NASA Jack Eddy Fellow devises method to model Sun’s magnetic field
Untangling the mysteries of the Sun and how solar activity influences space weather has long been the subject of scientific inquiry.
“The limitation that scientists face today,” says Robert Jarolim, “is that we observe the Sun’s magnetic field from the lowest layer, the photosphere or the surface of the Sun, but the dynamics that cause eruptions and flares happen in the upper solar atmosphere, the solar corona.”
Devising a way to learn more about the Sun’s magnetic field and the dynamic activity of the corona is the challenge that Jarolim has undertaken during his two-year, NASA Jack Eddy Fellowship at the NSF National Center for Atmospheric Research (NCAR) High Altitude Observatory (HAO). Established by NASA’s Living With a Star program and UCAR’s Cooperative Programs for the Advancement of Earth System Science (CPAESS), this prestigious post-doctoral fellowship is named after pioneering solar researcher John A. “Jack” Eddy. It is an opportunity for heliophysics researchers like Jarolim to study space weather and the connection between the Sun and Earth.

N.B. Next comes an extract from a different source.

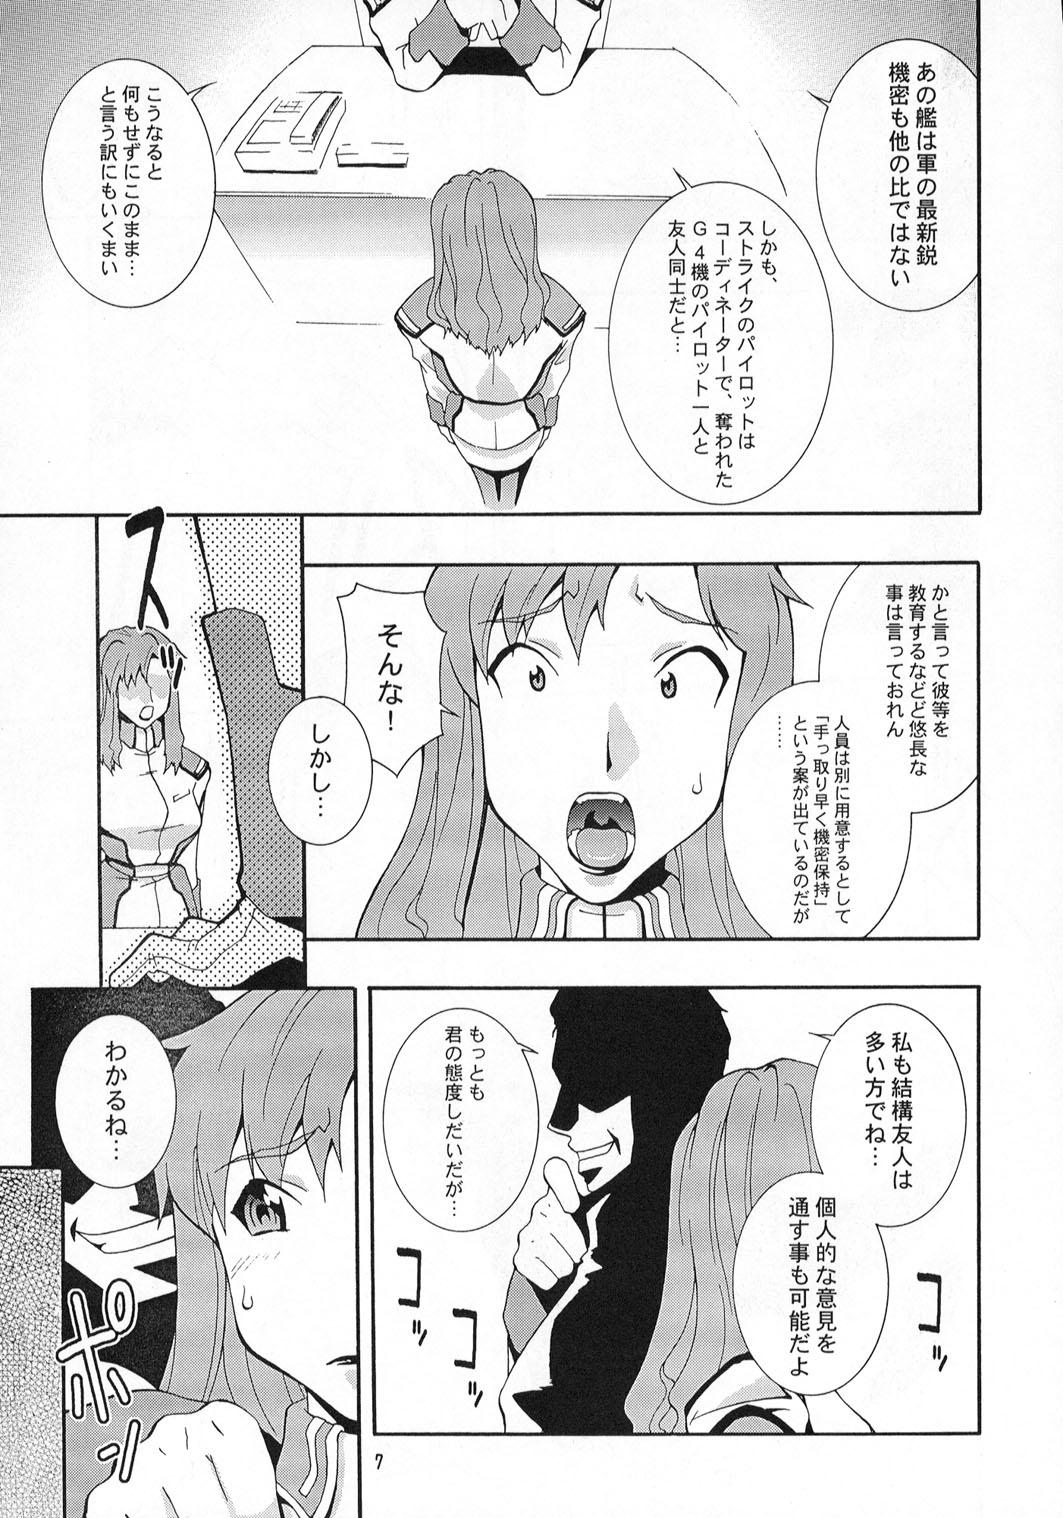 Gaybukkake Nyan Nyan Seed - Gundam seed Pov Sex - Page 6

Lacking the direct observations necessary to study solar eruptions – how they build and explode – Jarolim created another way to model the Sun’s magnetic field. Leaning on his background in computer science and astrophysics, he looked to physics-informed neural networks (PINNs) as a way of blending physical properties or principles into a machine learning process.
“This is a new method that can integrate data and physical models into a data-driven simulation,” says Jarolim. Using existing datasets from the NASA Solar Observatory (SDO), a mission launched in 2010 to collect continuous measurements of the solar photosphere, Jarolim incorporated these data into his model.
The results, he says, “showed that with this method, we can achieve a new state-of-the-art in magnetic field modeling and for the first time, we can do it in real time. This is a big game changer because now we can apply this for permanent monitoring of the solar magnetic field.”
This type of routine monitoring will not only provide scientists a novel way to see activity on the Sun and learn more about its dynamics, but to potentially use that information to look to the future by creating forecasts of solar activity. Those forecasts may help scientists understand more about how solar storms impact space weather and Earth’s climate as well as their potential for triggering power outages and disruptions in communications systems.
“It’s a nice synergy,” says Jarolim. He and colleagues at HAO are excited about using his work as preparation for expanding the scope of modeling to include new observations from other instruments in order to create a more accurate picture of solar activity.
“We know that the magnetic field is central to understanding the Sun – how heating mechanisms operate in the solar atmosphere and how energy is transported and released in the upper atmosphere,” says Jarolim.
Jarolim is the recipient of the 2024 European Solar Physics Division Prize awarded for his outstanding thesis on studies of solar physics utilizing artificial intelligence (AI) and deep learning methods. He was awarded the 2023 International Astronomical Union’s Ph.D. Prize, also for his thesis. He completed his undergraduate and graduate studies at the University of Graz in Graz, Austria.